Adam Rafferty – Guitar and Spirit

All about music, guitar, spirituality, personal development and being happy


How To Create a Great “Set List” For Musical Performance

I’m often asked the question “do you use a set list when you play concerts?” This brings up the question of how to put a set together for a good show. I use a loose set idea with a game plan which I will describe.

But first…has the following every happened to you.?

The Dilemma

  • You go to see a band, their first tune sounds great, but as the set goes on it all the songs start sounding the same.
  • You go to see a singer-songwriter who has written all originals.  She’s cute, her guitar skills are not quite up to par, and other than a smile, the music has nothing you can sing when you get home.
  • You hear a rapper and the beat is loud, energy is good.  But, after 3 songs it all blurs together.
  • You hear a jazz band, and they solo endlessly.
  • You hear a solo guitarist, and after 10 minutes it all sounds the same.  (whether it’s percussive, new age, classical or whatever)

Get the idea?

It’s not the style that’s problematic – it’s that musicians can very easily fall into the trap of all material sounding the same – without realizing it.

The problem is twofold…

  1. You need good material.
  2. You need to use variety in, tone, tempo, dynamics and groove in your set.

The Solution – Melody and  Contrast

You’ll first need to choose the “what” (good songs), then you’ll need to present it all in the proper proportions, and sequence (making the set list).

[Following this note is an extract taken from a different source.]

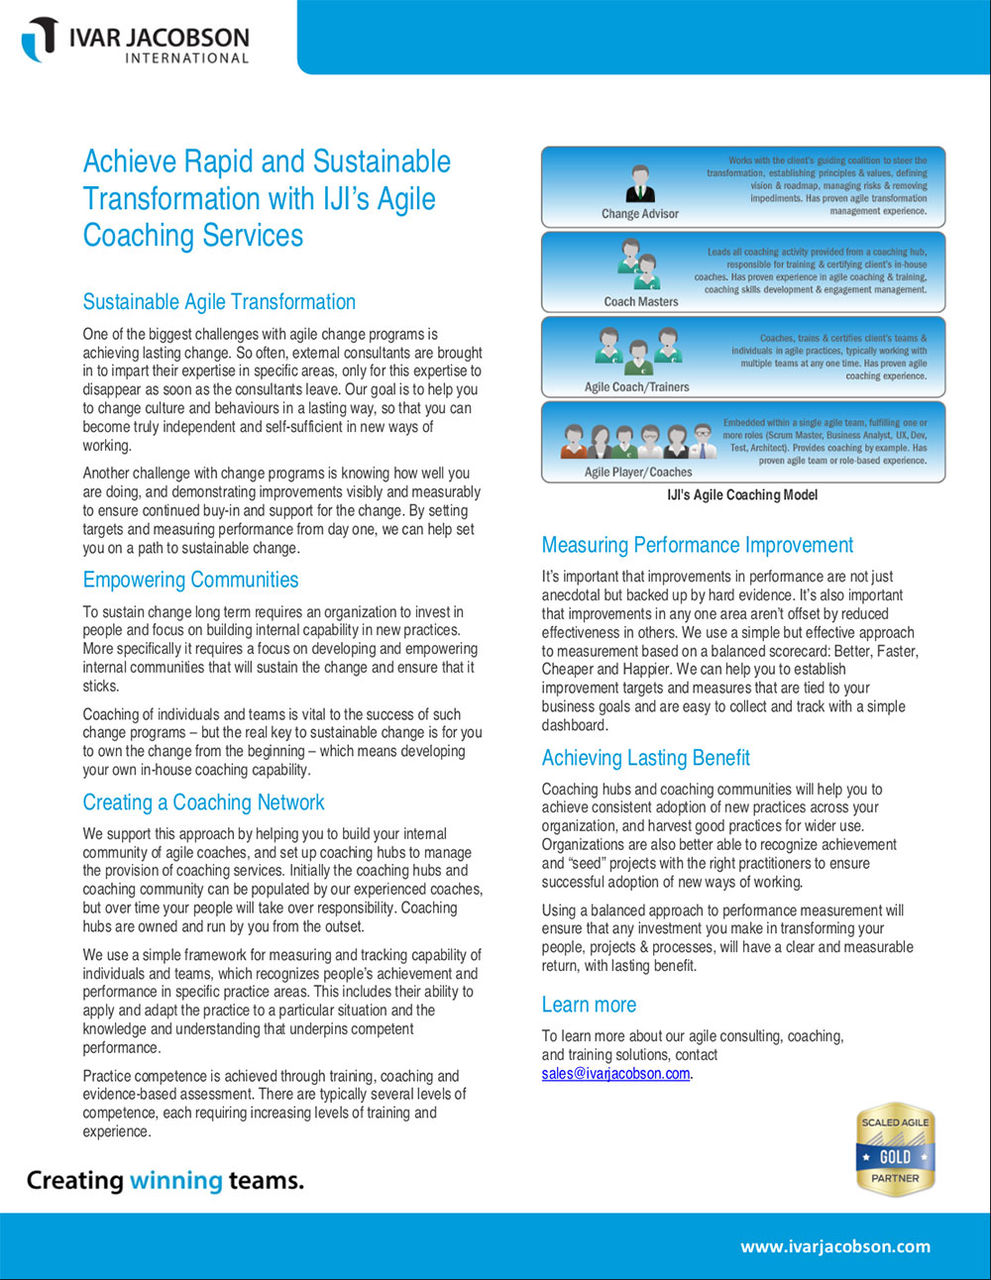 Achieve Rapid and Sustainable Agile Transformation

First off, you need good melodies that are memorable whether they are your original songs or covers. The basic theme of whatever you play should be singable, like:

Beethoven’s 5th Symphony, “Billie Jean”, “Yesterday”, “Isn’t She Lovely”, Your Own Song(s) Here.

Cool percussive stuff is not melody.  The endless stream of consciousness lyrics from rappers and songwriters is not melody (no matter how heart wrenchingly profound it may seem).  Different guitar tunings and/or fret locations may be fun for the performer – but do not necessarily make melody for the listener.

Whatever you play should have “a theme” that your mother could sing back after hearing it once.


I plan my sets knowing that I want contrasting “musical colors” to break things up and provide satisfaction for the listener.

These are personal to me…yours can and should be different.

I use the following – (take note of the variety):

  • funk grooves
  • jazz swing grooves
  • Brazilian grooves
  • a blistering boiling fast song – to raise excitement
  • something bluesy with bending strings
  • a few ballads for a dose of “pretty”
  • a percussive / beatbox song – i.e. getting different sounds from the guitar & visual contrast
  • some midrange easygoing material for middle of set

That covers the “what” I’ll play.

Now – set planning.  Don’t try to do it from first to last song…plan in order of “important moments” in the set, and let the order take shape from both ends to the middle!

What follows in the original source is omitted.